Problem details
The required result is an exact copy of every line from the one with "Lightning Bolt Leggings" through the last line below, with the pictures left out.

Given material below:

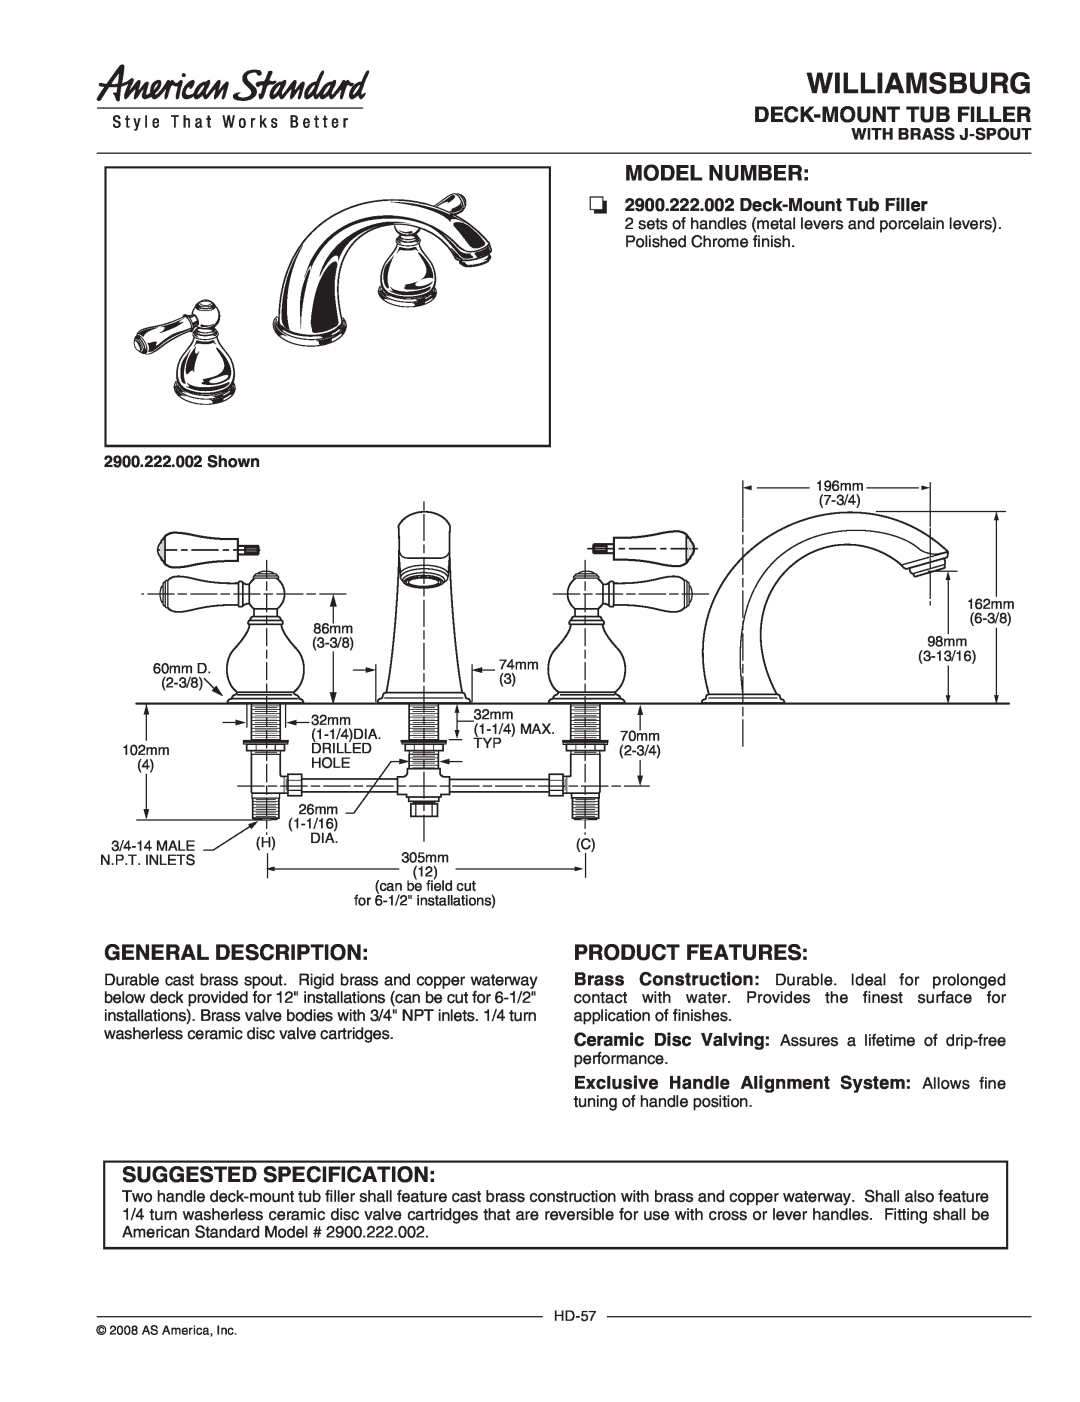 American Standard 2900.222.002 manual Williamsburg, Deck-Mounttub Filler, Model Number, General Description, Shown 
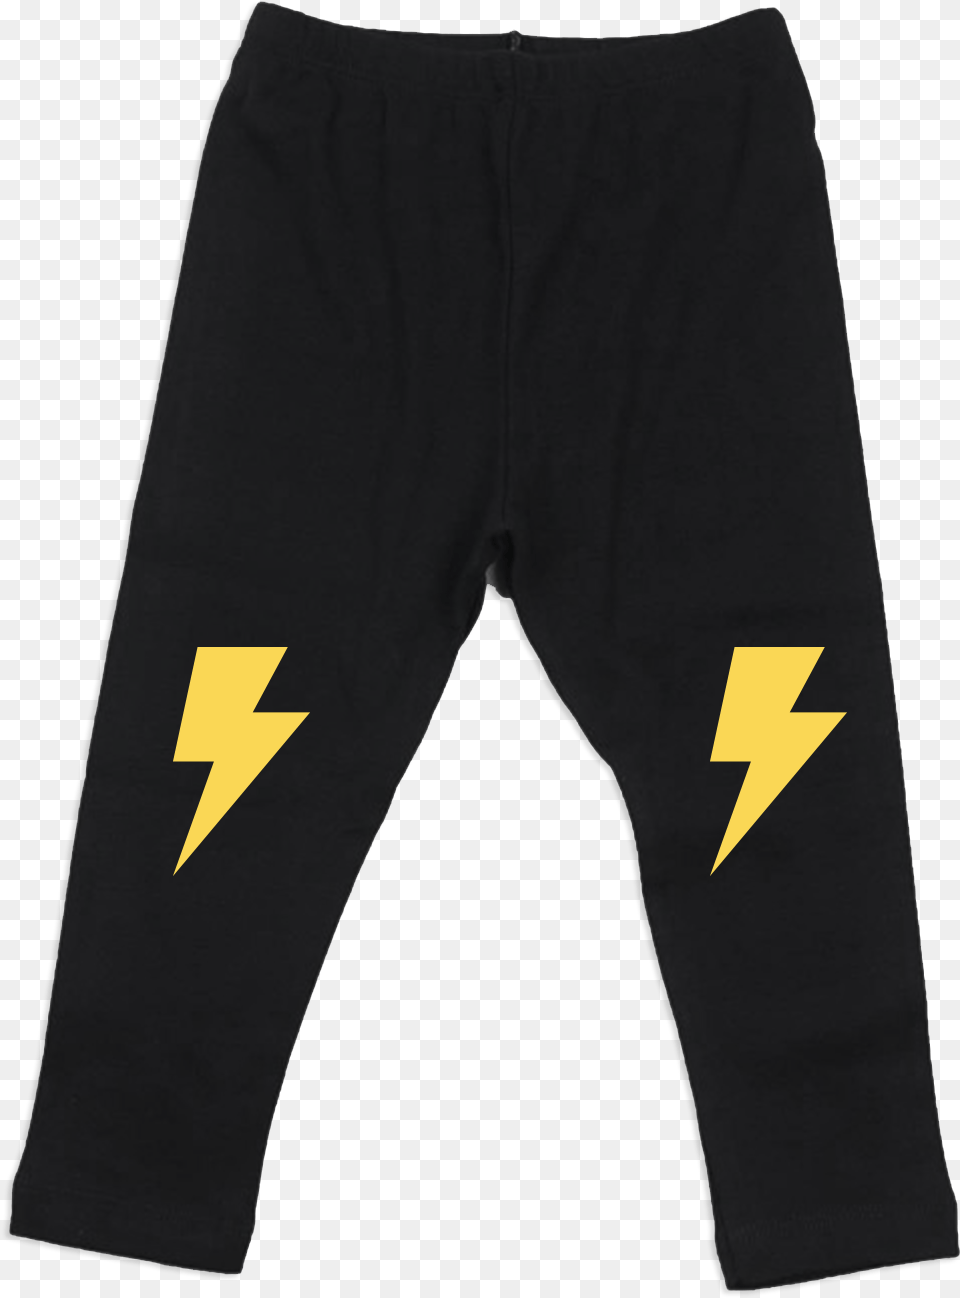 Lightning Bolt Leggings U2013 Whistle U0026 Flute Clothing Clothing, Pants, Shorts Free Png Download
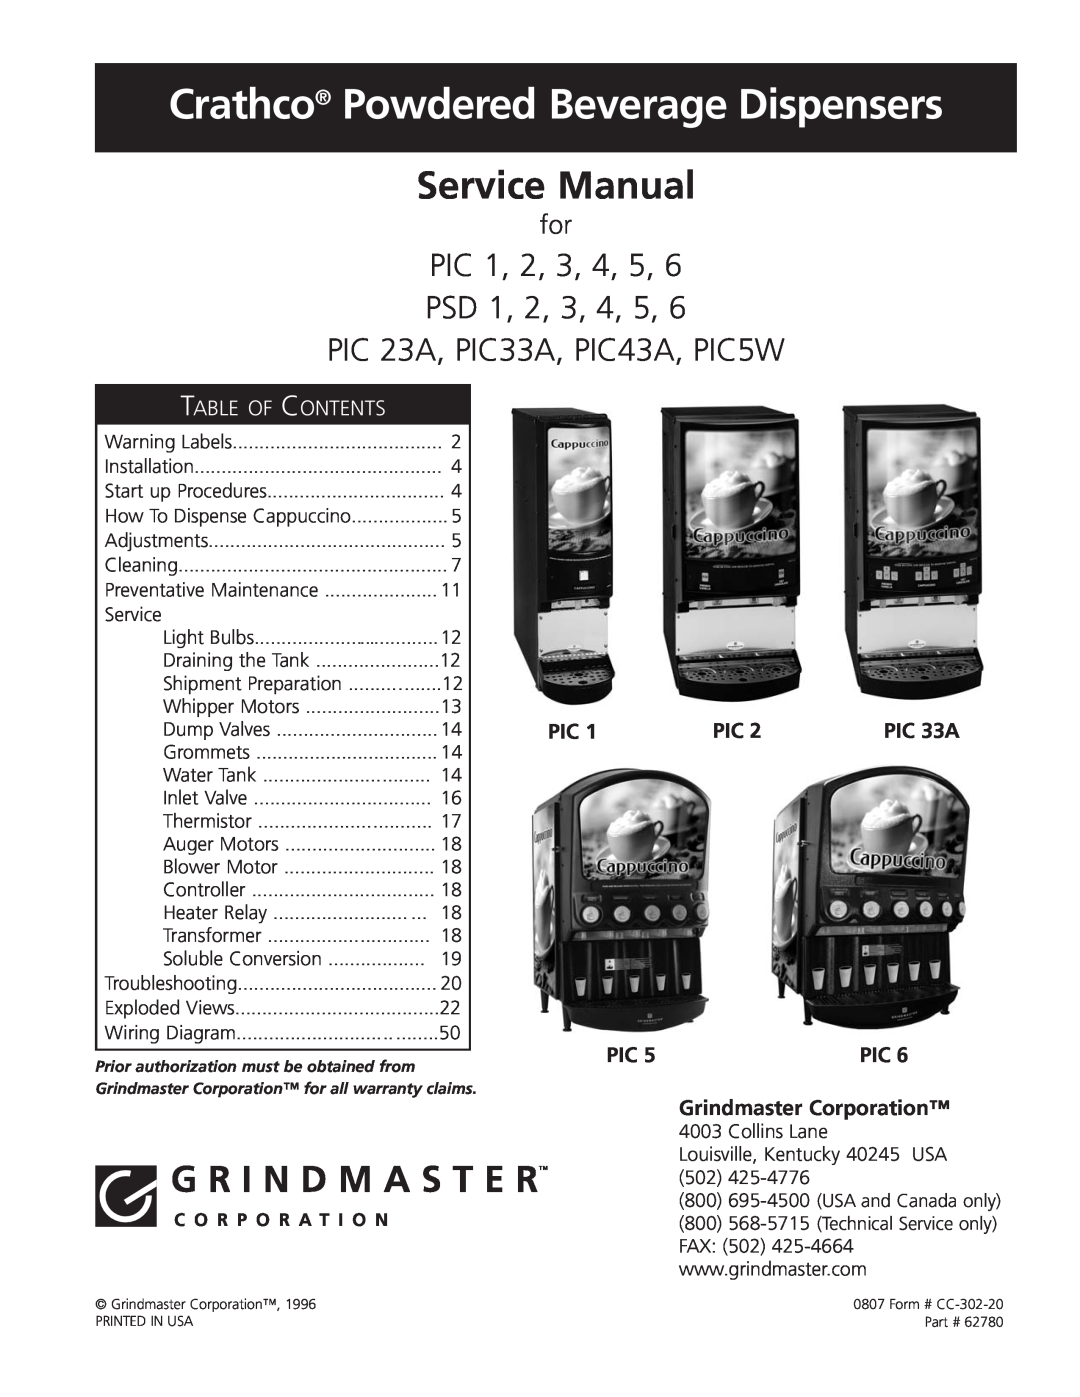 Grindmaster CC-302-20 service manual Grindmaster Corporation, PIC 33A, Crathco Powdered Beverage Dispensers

End of Given material.

Answer space
 Lightning Bolt Leggings U2013 Whistle U0026 Flute Clothing Clothing, Pants, Shorts Free Png Download
 Grindmaster CC-302-20 service manual Grindmaster Corporation, PIC 33A, Crathco Powdered Beverage Dispensers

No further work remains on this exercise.